**Exercise aim**
Your reply is to be the lines below, exactly as written, with images omitted.

**Supplied material**

■ ■ ■ ■ ■

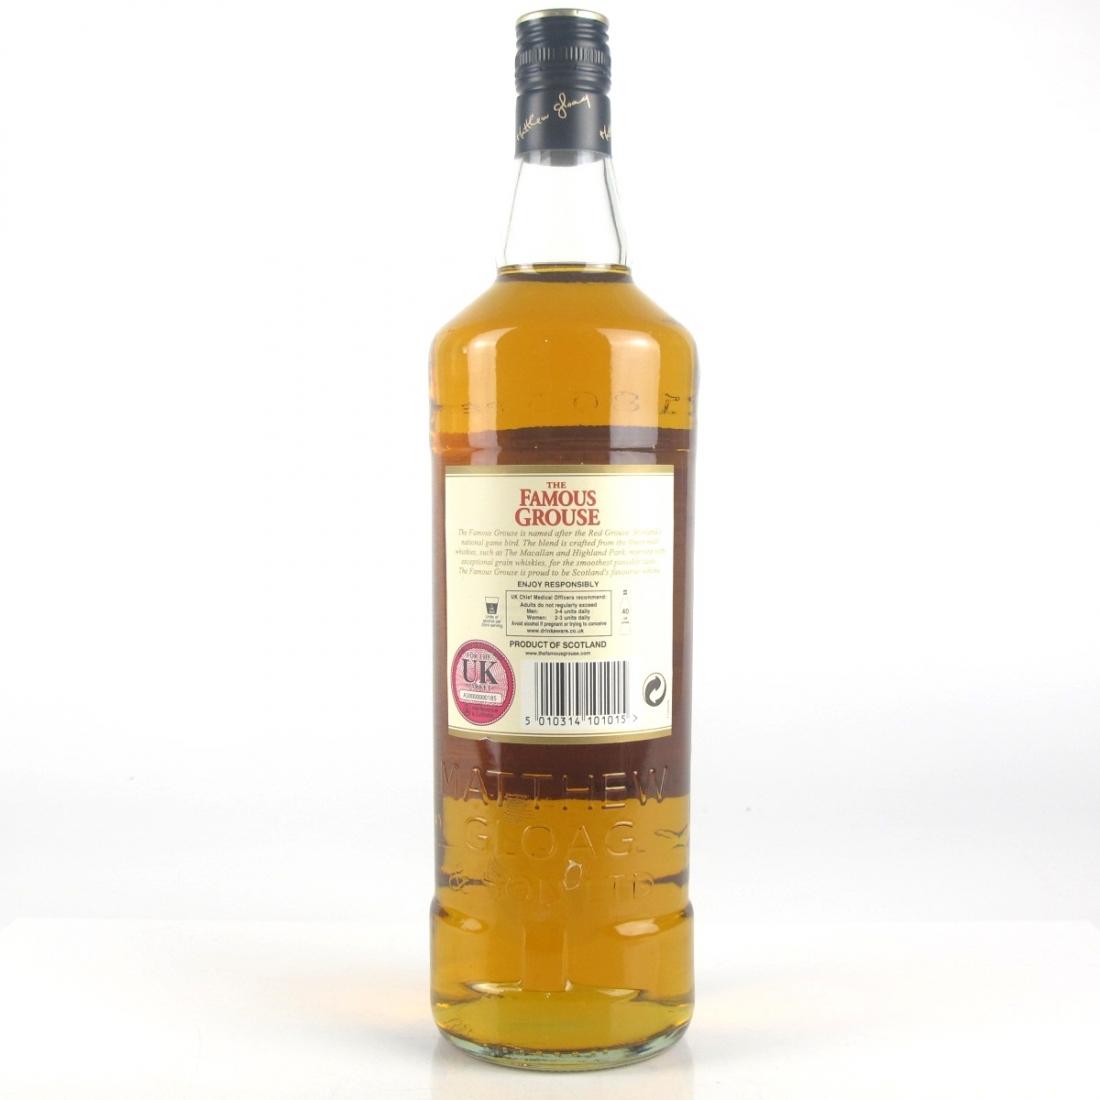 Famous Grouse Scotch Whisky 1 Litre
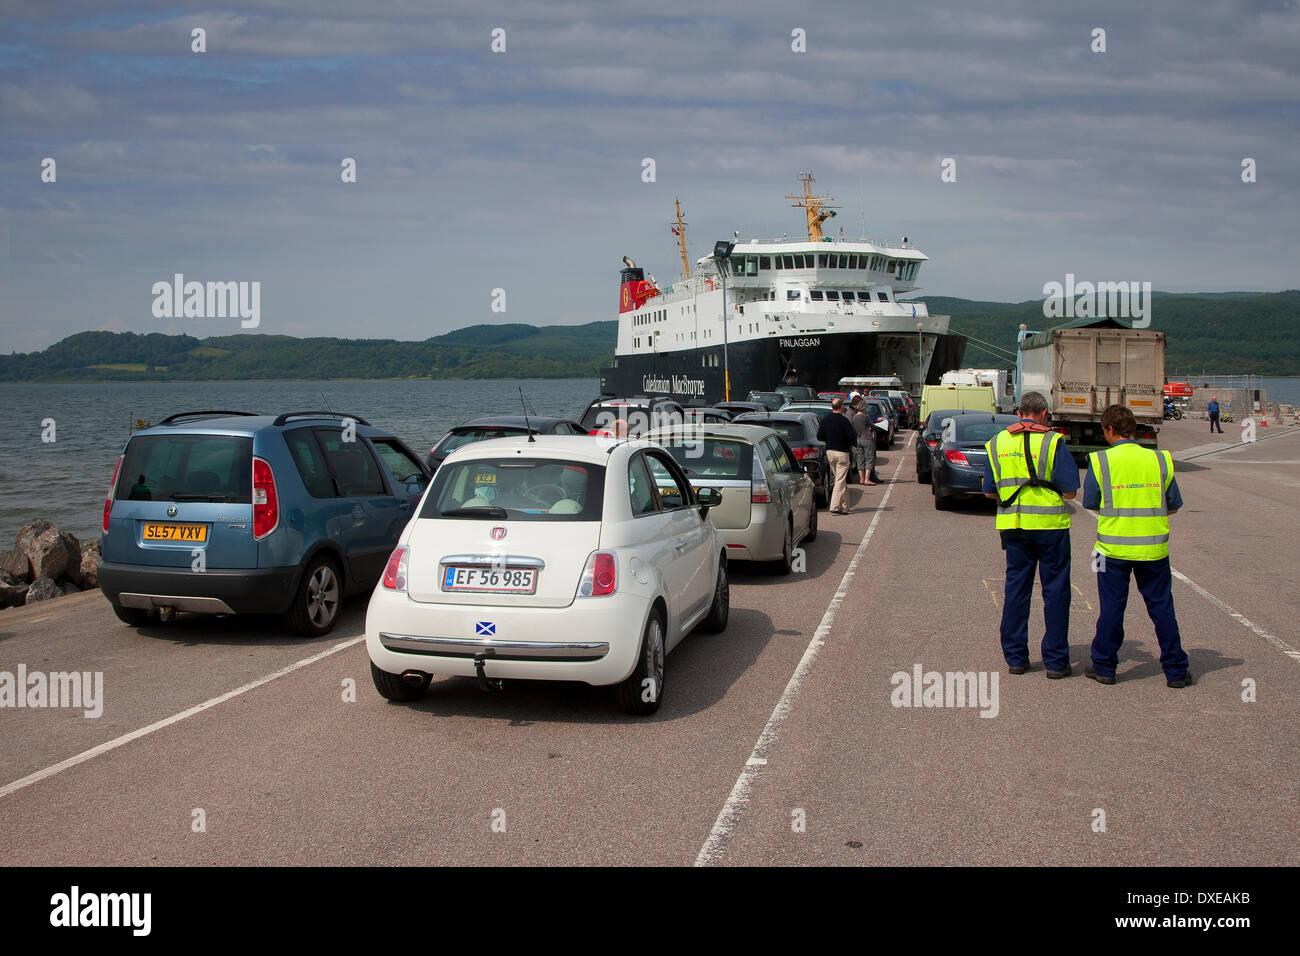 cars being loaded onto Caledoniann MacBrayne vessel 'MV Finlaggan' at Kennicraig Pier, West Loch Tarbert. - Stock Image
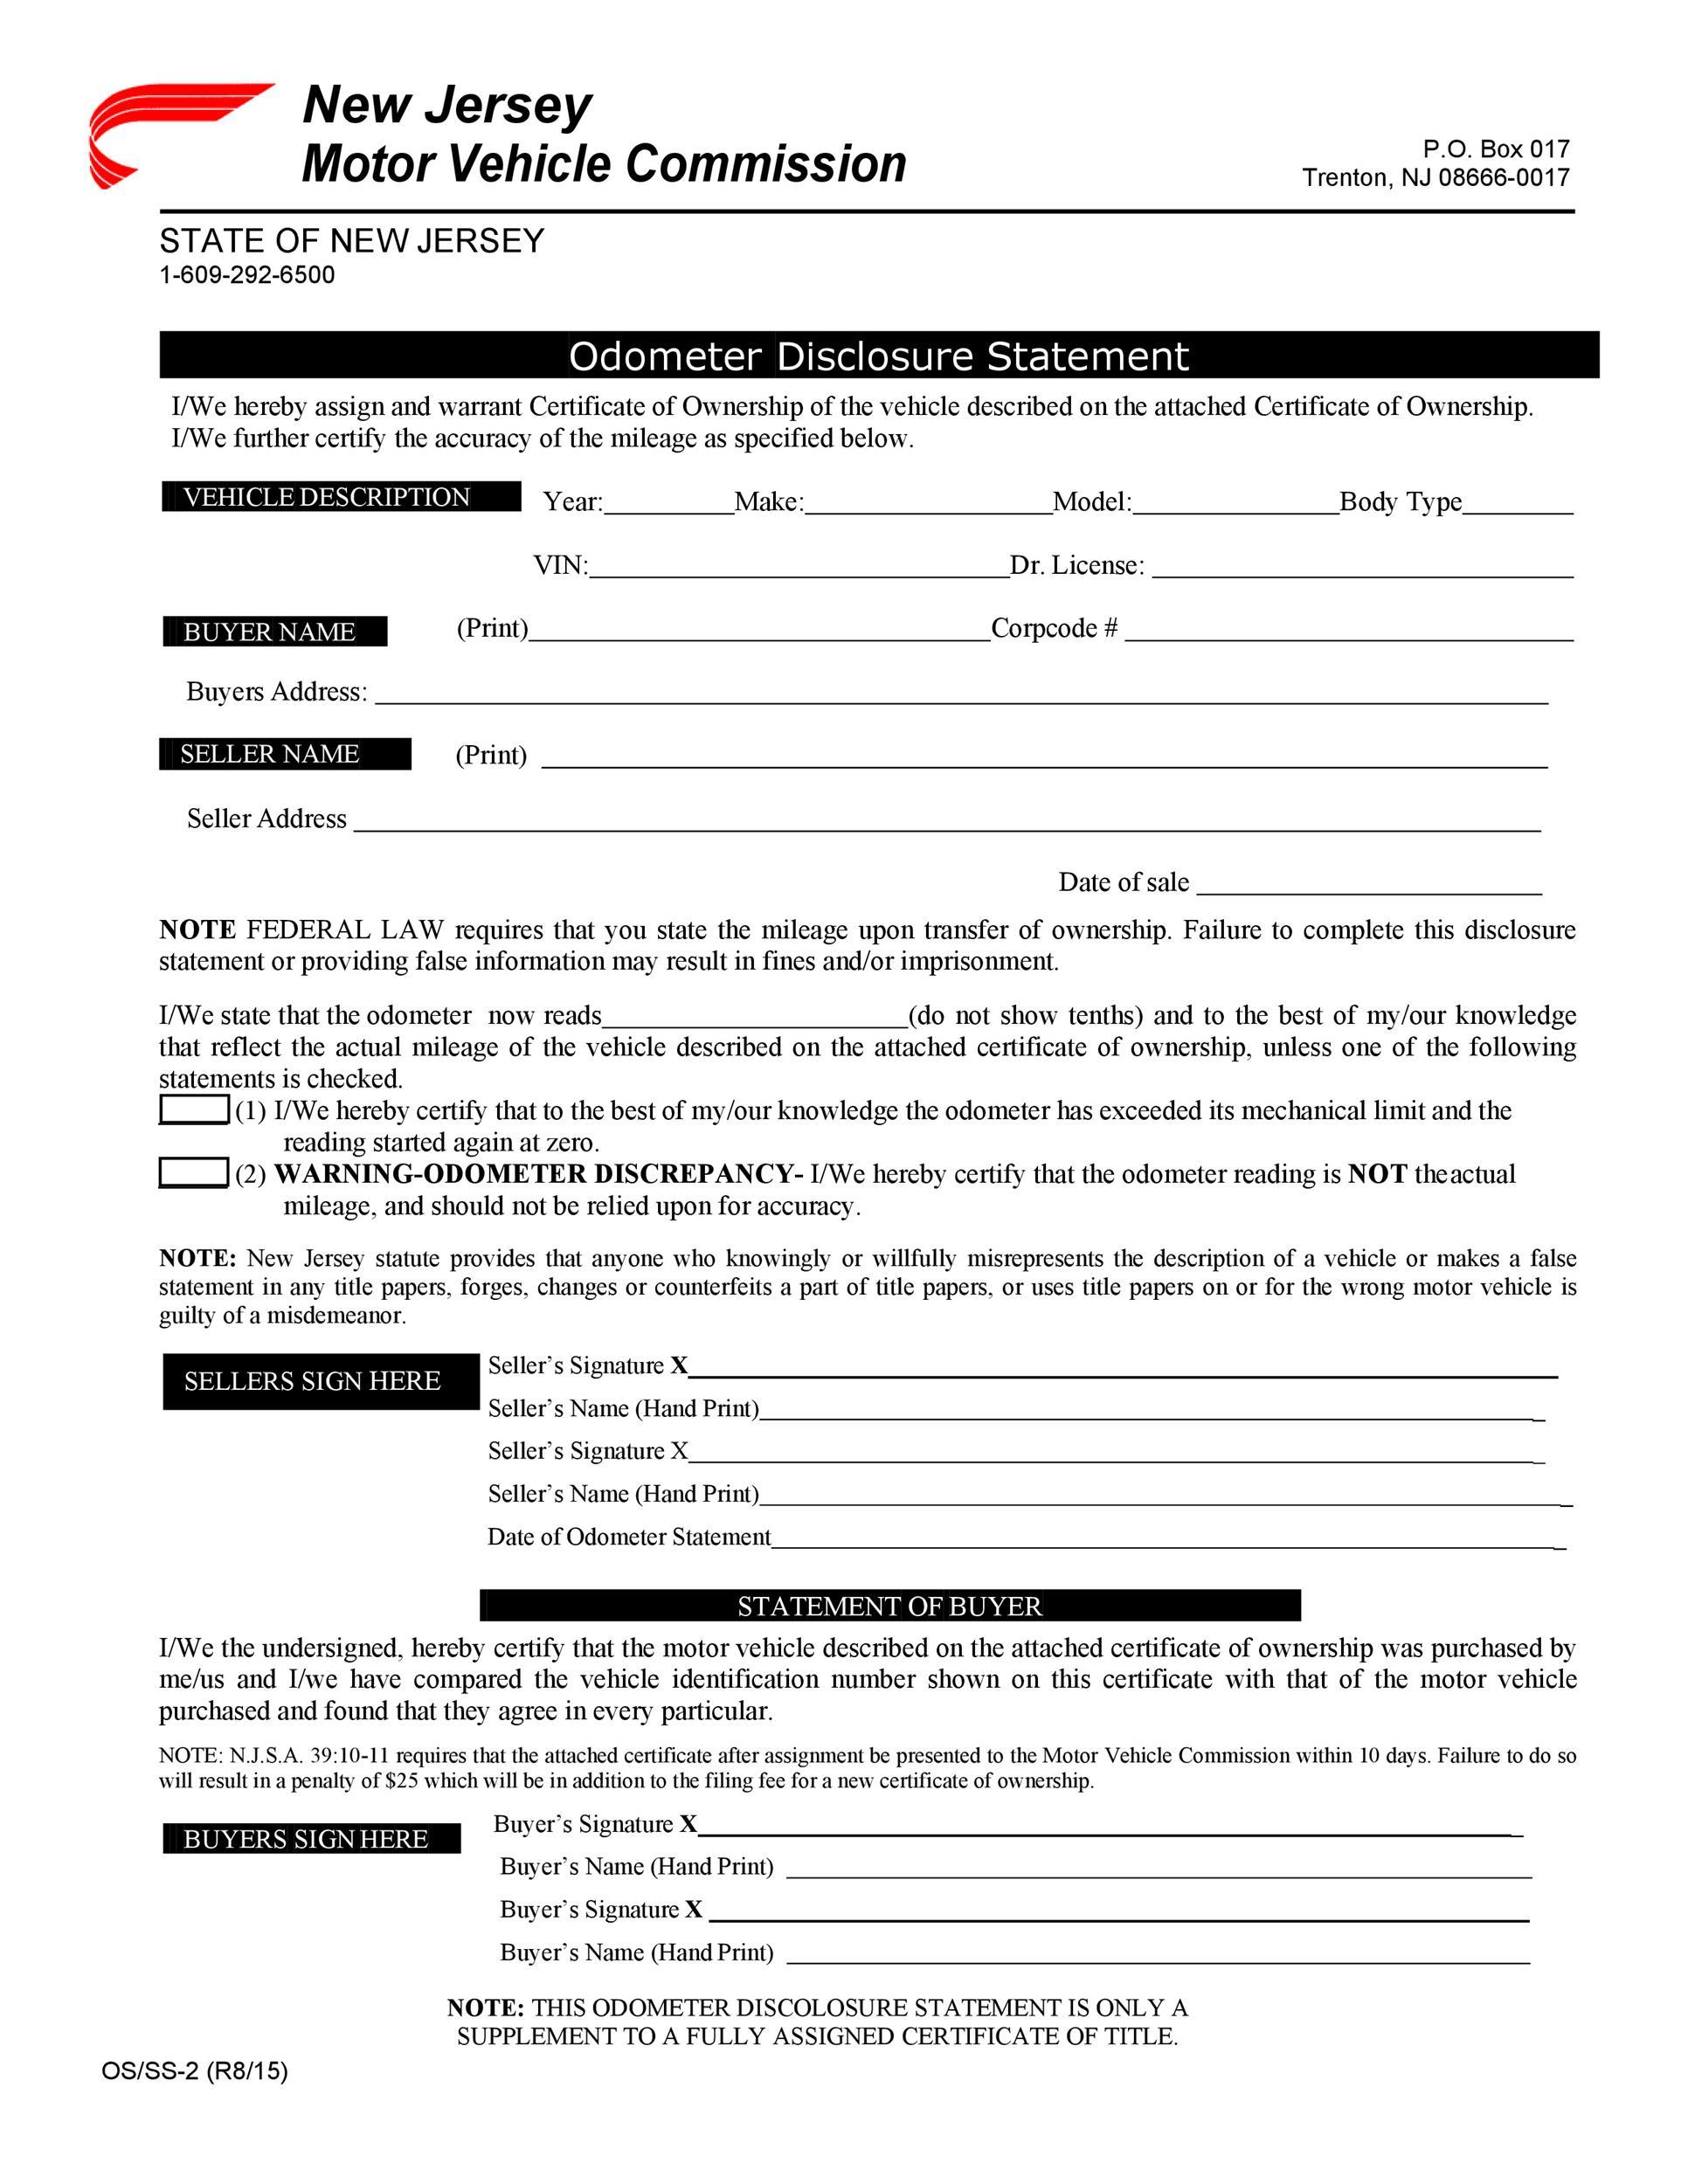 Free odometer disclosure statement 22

■ ■ ■ ■ ■

**Exercise output**
 Famous Grouse Scotch Whisky 1 Litre
 cars being loaded onto Caledoniann MacBrayne vessel 'MV Finlaggan' at Kennicraig Pier, West Loch Tarbert. - Stock Image
 Free odometer disclosure statement 22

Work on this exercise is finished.